Cognitive Dissonance about the FBI and NSA at 60 Minutes

FBI Director James Comey speaks with Scott Pelley.


FBI Director James Comey speaks with Scott Pelley.

60 Minutes, which has been harshly criticized for running puff pieces for the NSA and FBI recently, is at it again.

Last night, they ran two unrelated yet completely conflicting segments—one focusing on FBI Director Jim Comey, and the other on New York Times reporter James Risen—and the cognitive dissonance displayed in the back-to-back interviews was remarkable.

First up was 60 Minutes correspondent Scott Pelley's interview with FBI Director Jim Comey. 60 Minutes aired the first part of the interview last week, which ran 14 minutes and did not contain a single adversarial question. This time, Scott Pelley asked him at least asked a couple softballs about civil liberties, although the primary one Comey just refused to answer.

The main focus of the piece, however, was Comey supposed commitment to "the rule of law." "That's a principle over which James Comey is willing to sacrifice his career," Pelley explains to the audience. He then proceeded to re-tell the infamous "hospital bed" scene from 2004 during the Bush administration, where Comey, then deputy attorney general, threatened to resign unless Bush altered the original NSA warrantless surveillance program. Bush relented a bit and so Comey stayed on as deputy attorney general for more than a year afterwards.
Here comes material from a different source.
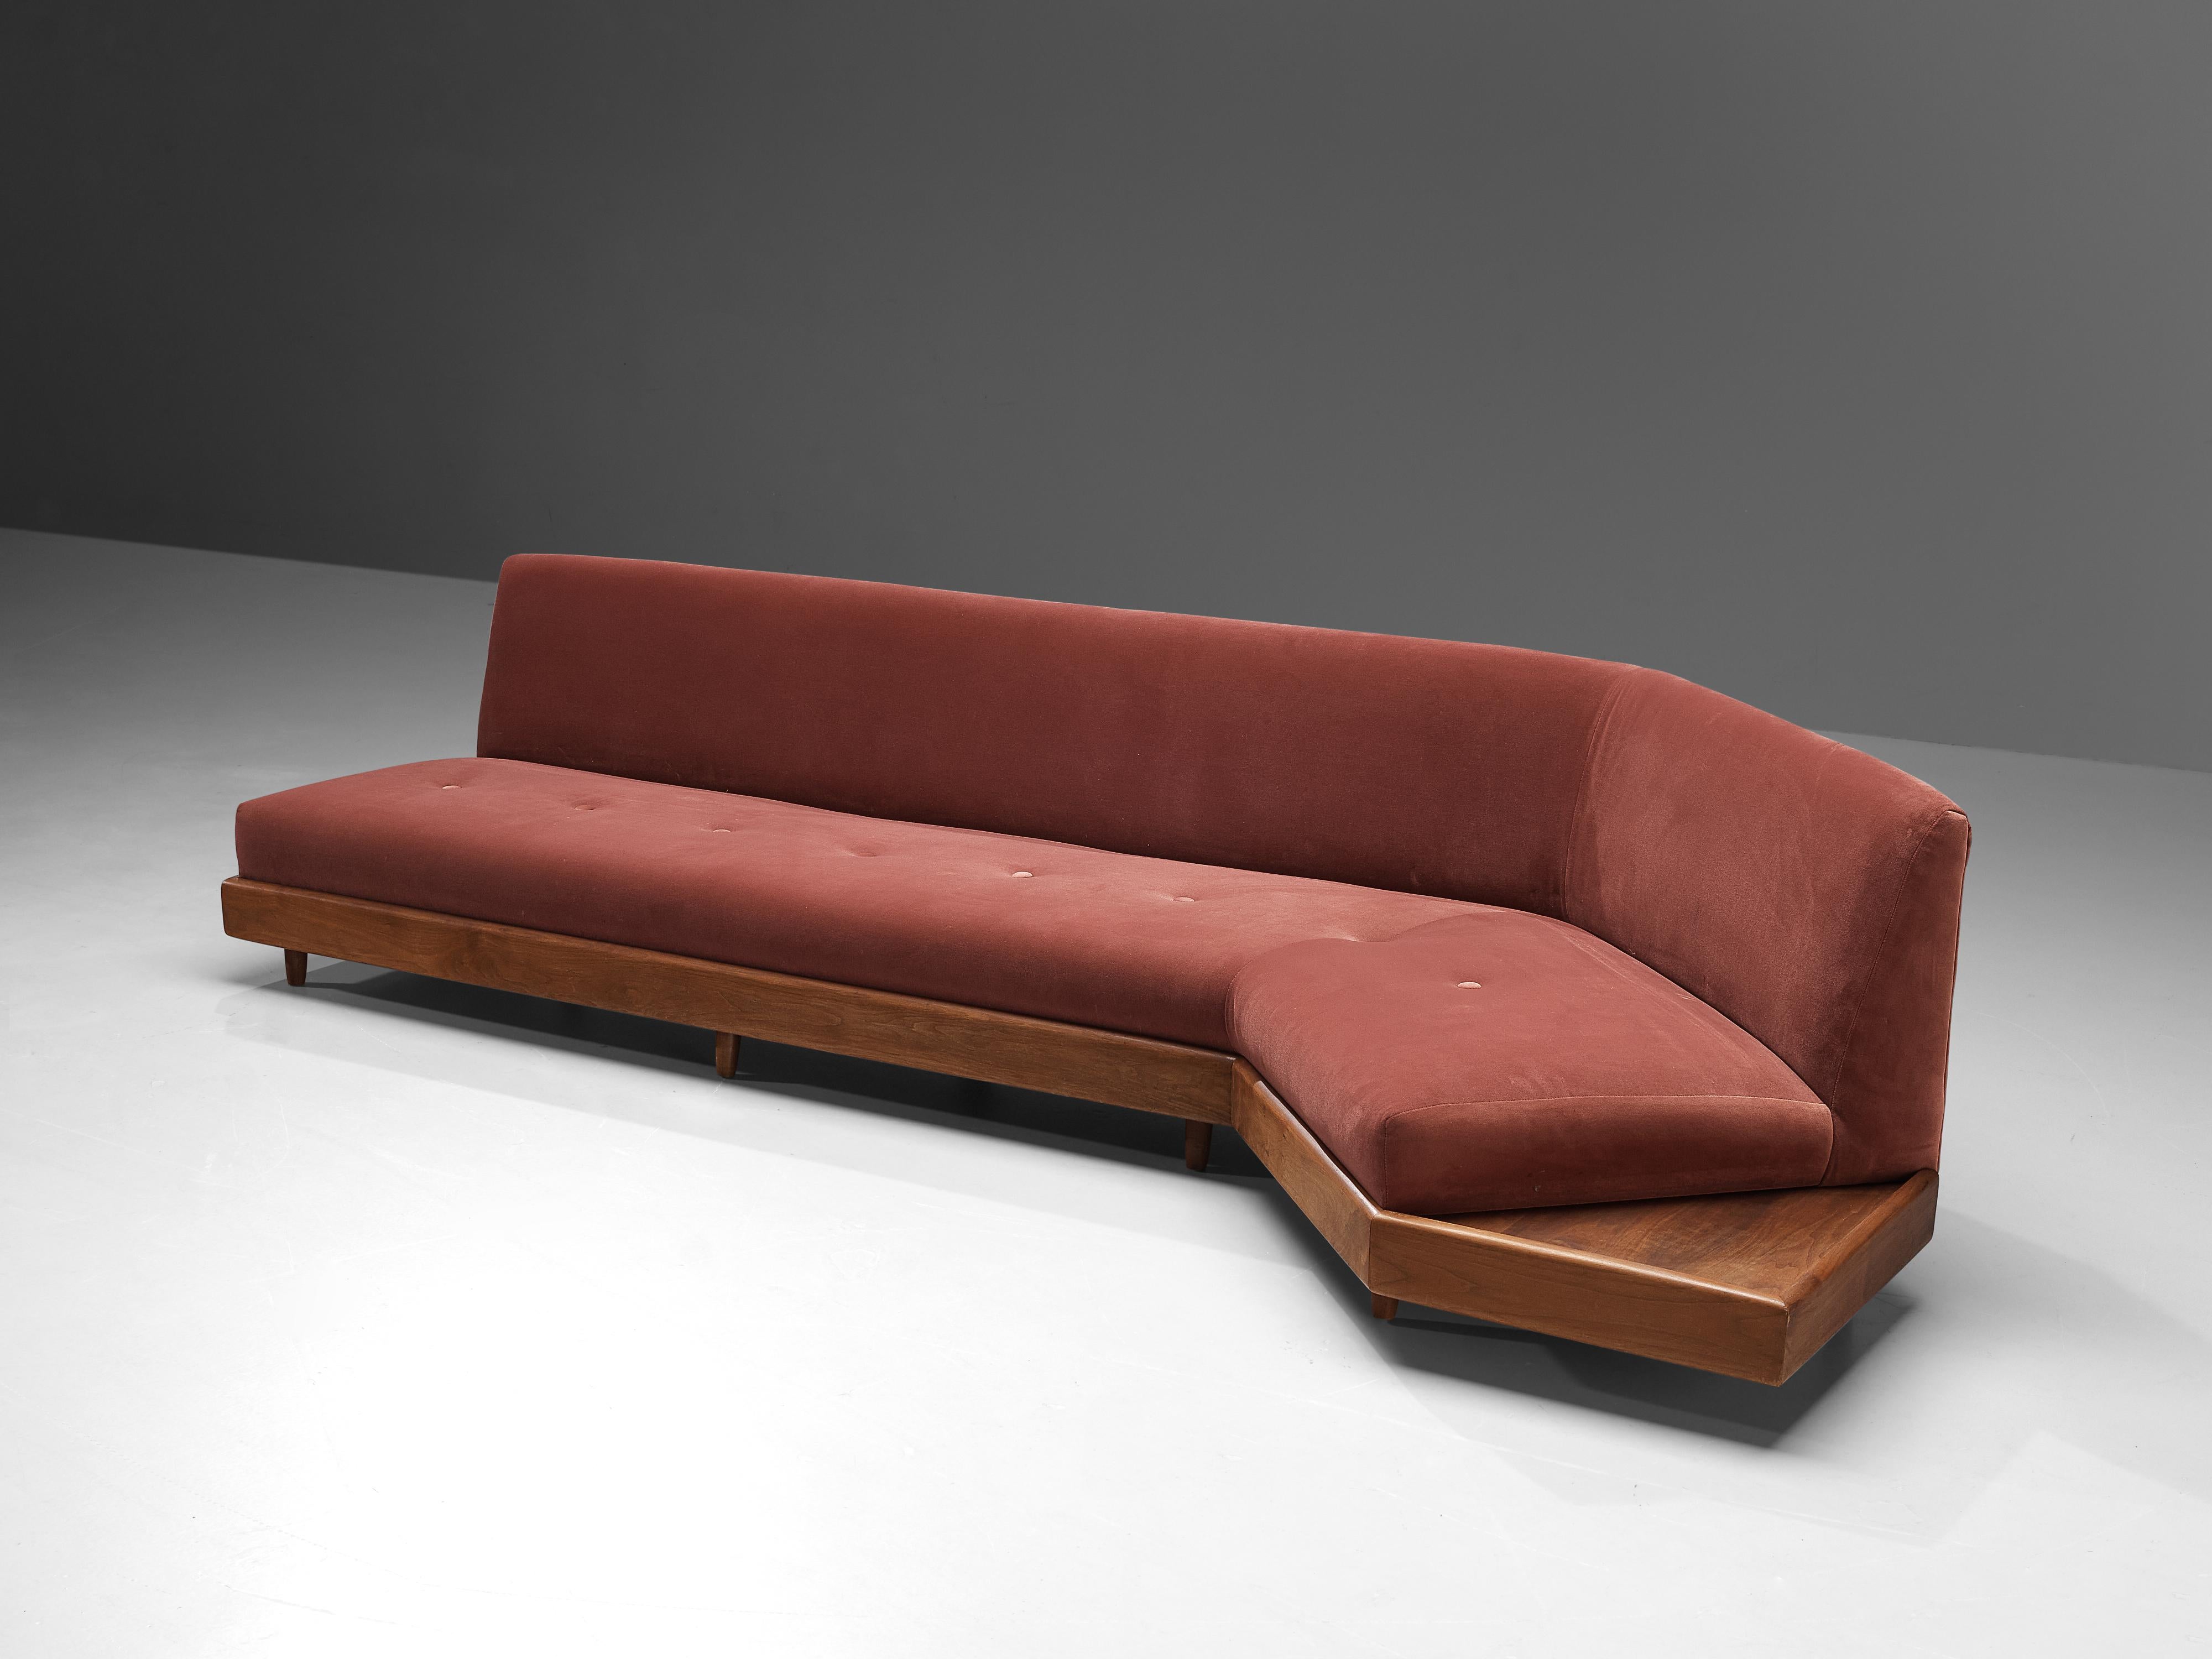 Adrian Pearsall, sofa model '1800-S', pink velvet, walnut, United States, 1960s

This classic, soft shaped sofa has a unique feel and although it is modest and simplistic it also shows stunning, delicate lines and shapes. The walnut frame balances

Comey is portrayed as the hero, who stopped illegal surveillance from going forward. What Comey did was certainly admirable, but this episode happened in March 2004 and only pertained to a small portion of the NSA's illegal activities. The NSA's illegal warrantless wiretapping program (as the public knew it) was first exposed more than eighteen months later in December 2005.

60 Minutes explains this in the very next segment but couldn't apparently put two and two together: Jim Comey was presumably also responsible for signing off on the illegal program the New York Times exposed after his hospital bed protest.

James Risen, of the New York Times.


James Risen, of the New York Times.

During the next segment segment, 60 Minutes interviewed James Risen about the Obama administration's war on leaks and described the scoop he is most famous for: his Pulitzer Prize-winning story exposing that same warrantless wiretapping program.

Risen explains to 60 Minutes correspondent Lesley Stahl that the NSA was not only gathering metadata without a warrant on Americans in 2005, but the content of phone conversations as well. And as Stahl herself points out—and as former NSA chief Michael Hayden basically admits in the segment—this was in direct violation of the 1978 law the Foreign Intelligence Surveillance Act, which required court orders to conduct such spying.

Critically, Risen's first story in December 2005 makes it clear the warrantless wiretapping of Americans was ongoing at the time. And we learned just last year as part of the Snowden revelations that Comey's hospital protest was over Internet metadata, not illegal eavesdropping on phone calls. 

So to sum up: the government was breaking the law in December 2005. This is the program that Comey had presumably signed off on after the much-talked-about incident and while he was still deputy attorney general. Yet Comey is still uncontroversially portrayed as a man dedicated to "the rule of law."

This information was readily available to 60 Minutes, as it's in the most well-known recounting of the hospital bed scene done by reporter Barton Gellman for the Washington Post and in his book The Angler in 2007. As Barton Gellman reported in 2007, Comey forced some changes with his potential resignation in 2004, but "much of the operation remained in place."

"Imagine you're doing ten things one day, and the next day you're only doing eight of them," an unnamed official told Gellman in The Angler. "That's basically what happened here."